Background technology
Spaceborne large-sized annular reflector is formed (Fig. 1) by outer shroud, main rope wire side, secondary rope net and vertical tension rope.Spaceborne greatly
Type annular reflector is after outer shroud unlocks release, and outer shroud starts to spread out.It is now placed in the rope net in the middle part of annular and is in free state.
Owing to space does not has gravity, this rope net likely can arbitrarily launch and aloft wave.For bigbore reflector, net
Radius be more than many times of Zhou Bianhuan truss depth, the wire side the most arbitrarily waved likely can be wrapped on hoop truss,
Major network, between secondary net and drawing rope it can also happen that be wound around, these all cause reflector to launch unsuccessfully.According to documents and materials, mesh
On former world, the only U.S. developed this heavy caliber annular reflector successful launch[1], but this reflector of the U.S.
Wire side management method does not but have document announcement, the netted deployable antenna on the ETS-VIII satellite of Japan to occur the most in orbit
The fault crossing the winding of rope net and cause reflecting surface to launch[2].Tsing-Hua University studied loop aerial and controlled system with satellite in-orbit
The attitude power coupling problem of system, the thermal deformation problem in-orbit of loop aerial, Beijing University of Science & Engineering were studied by Xian Electronics Science and Technology University
University research crosses the expansion course motion problem analysis of loop aerial, and Zhejiang University developed the principle sample of 6 meters of dicyclo reflectors
Machine, but domestic currently also not about the open report of annular reflector wire side management system.

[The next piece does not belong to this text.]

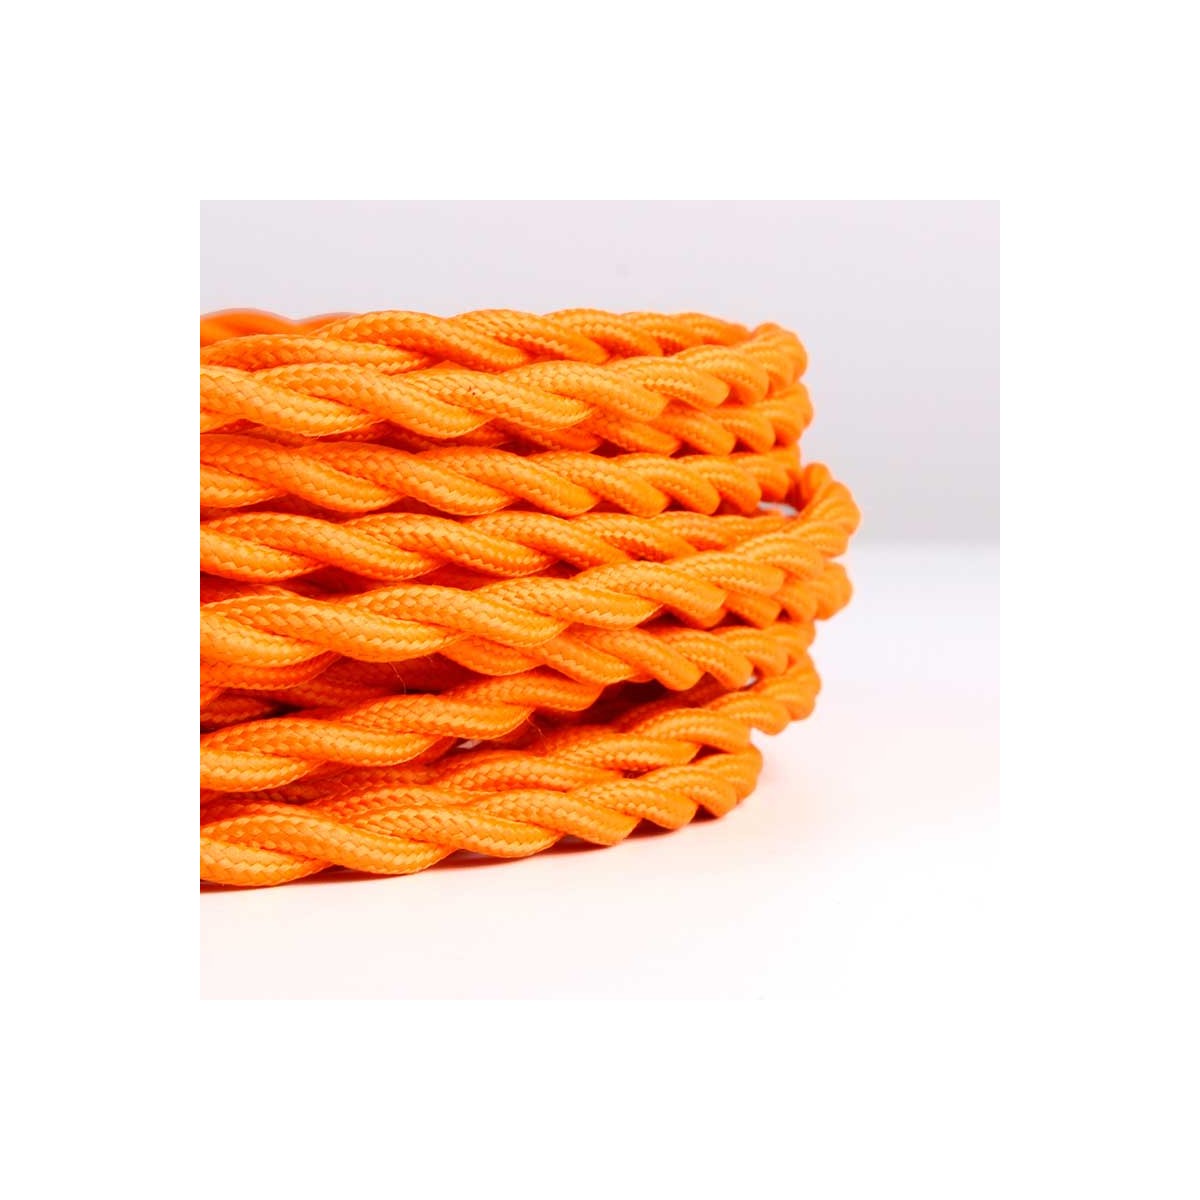 Kabel mit orangefarbenem, weichem Stoff mit Sojaeffekt überzogen

Annular reflector, owing to only there being rigid truss in outer ring, does not has rigid element in ring, it is impossible to fix in inside or
Retrain its movement locus.Owing to wire side and rope are all flexible materials, even if folding in an orderly manner when drawing in, but ought be outward
Ring launch the starting stage, under driven by motor, the diameter of ring when collapsed diameter slowly launches, with leading that outer shroud truss is connected
Under straw line effect, the frictional force that the interlayer of rope net is faint is not enough to maintain original folding and expanding order, and multilamellar rope net can be simultaneously
Launching, this results in the length the launching rope net diameter more than the ring launched.The net the most freely drifted is possible to
Blow out the upper end of annular truss or lower end, be then wrapped with the truss of periphery.Simultaneously as whole rope net unfolding sequence is disturbed,
Being likely to be wound around between major network, secondary net and between net and rope, these are all to cause reflector to launch failed hidden danger.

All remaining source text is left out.